The summit will be an all day event offering different sessions for people to discuss the recommendations and solutions developed by OICA and POWER, and the delivery of a final report for next steps.

The first hearing, held in March, featured testimonies from working class citizens on the importance of unions and raising the minimum wage.

The second hearing, held April 13, at the First United Methodist Church of Germantown, centered on testimonies from community organizers, educators and nonprofit leads, who shared their ideas to solve poverty.

“It was exciting to hear all the solutions and see how so many are intertwined with each other to build an agenda to end poverty in the city,” said Rev. Gregory Holston, OICA CEO and President. “There was a consensus…these are the kinds of things we need to do because we have the power to do them right within in the city of Philadelphia. We don’t have to ask Harrisburg. We don’t have to ask Washington, D.C.”

Ideas suggested at the April hearing focused on a range of areas — from transportation to child care.

Josh Markel of Powelton Village said that new city developments should offer mixed incoming housing, citing Drexel University’s Schuykill Yards, a $3.5 billion residential and business development project, as an example.

“We have to make Drexel realize there must be mixed income housing,” said Markel. “New mixed income housing is important.” Markel added that “housing policy is education policy” and “you can’t have reform of schools without changing the pattern of where people live.”

Arlene Wayne-Thomas, President of the Philadelphia Metropolitan Board of Realists, the local chapter of the National Association of Real Estate Brokers, an organization supporting Black realtors, said home ownership is one piece of ending poverty.

“We have to be able to obtain mortgages,” she said, especially describing the plight of Black potential home buyers. “If we are not getting credit, we cannot buy a house. The difficulty is criteria — high credit ratings.” Thomas added that one answer to this issue is to “give more flexibility to the policies lenders use.”

Shawn Towey, Child Care Policy Coordinator for Public Citizens for Children and Youth (PCCY), stressed the need for “quality pre-k” and early childhood care.

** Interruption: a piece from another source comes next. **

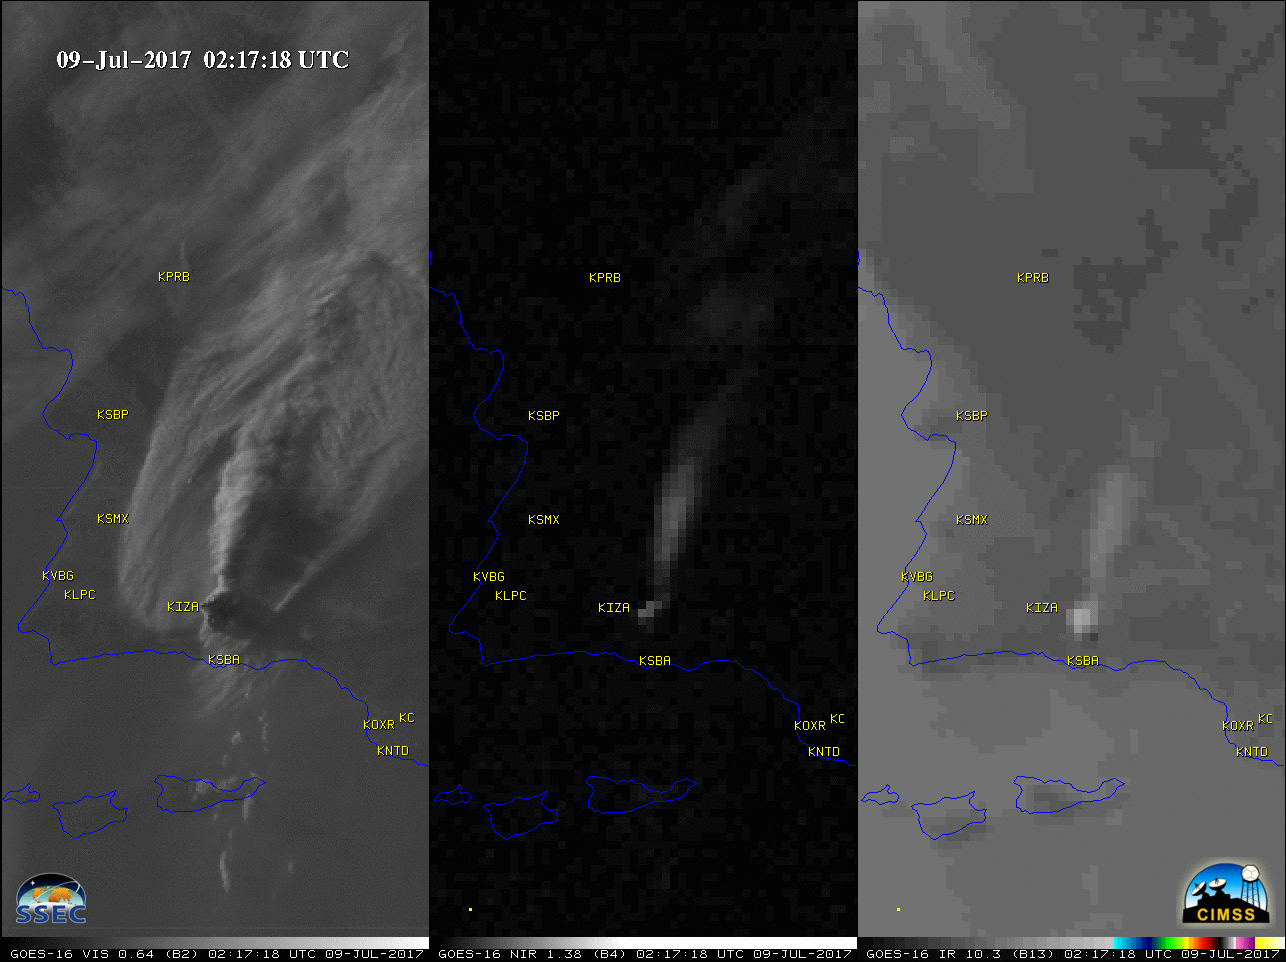 GOES-16 Visible (0.64 µm, left), Near-Infrared Cirrus (1.38 µm, center) and Infrared Window (10.3 µm, right) images, with station identifiers plotted in yellow [click to play MP4 animation]

“We should have universal high quality care. If not free, then it has to be affordable to everyone,” she said, adding that pre-school “can help inoculate children against the damaging effects of poverty and trauma.”

Transportation was another major issue referenced at the hearing.

John Dodds, of the Philadelphia Unemployment Proiect, said the city should explore ways transportation can be made available for the jobs outside of the city.

“African-Americans spend 22 percent more time getting to work than white workers,” he said. “[And] studies show people need access to vehicles to get to work. We need SEPTA to provide access to suburban jobs for Philadelphia residents. Employers chose to leave our city long ago. [Workers] are stuck with jobs in the city that don’t pay as much.”

Other solutions included ideas promoting grocery store co-ops; investment in solar projects that could result in skilled trainings and jobs; and a public bank.

Holston concluded the hearing, encouraging people to think about solutions to mass incarceration, which he noted as a major driver of poverty.

The May 19 Poverty Summit will be held at the Community College of Philadelphia, from 8 a.m. to 8 p.m.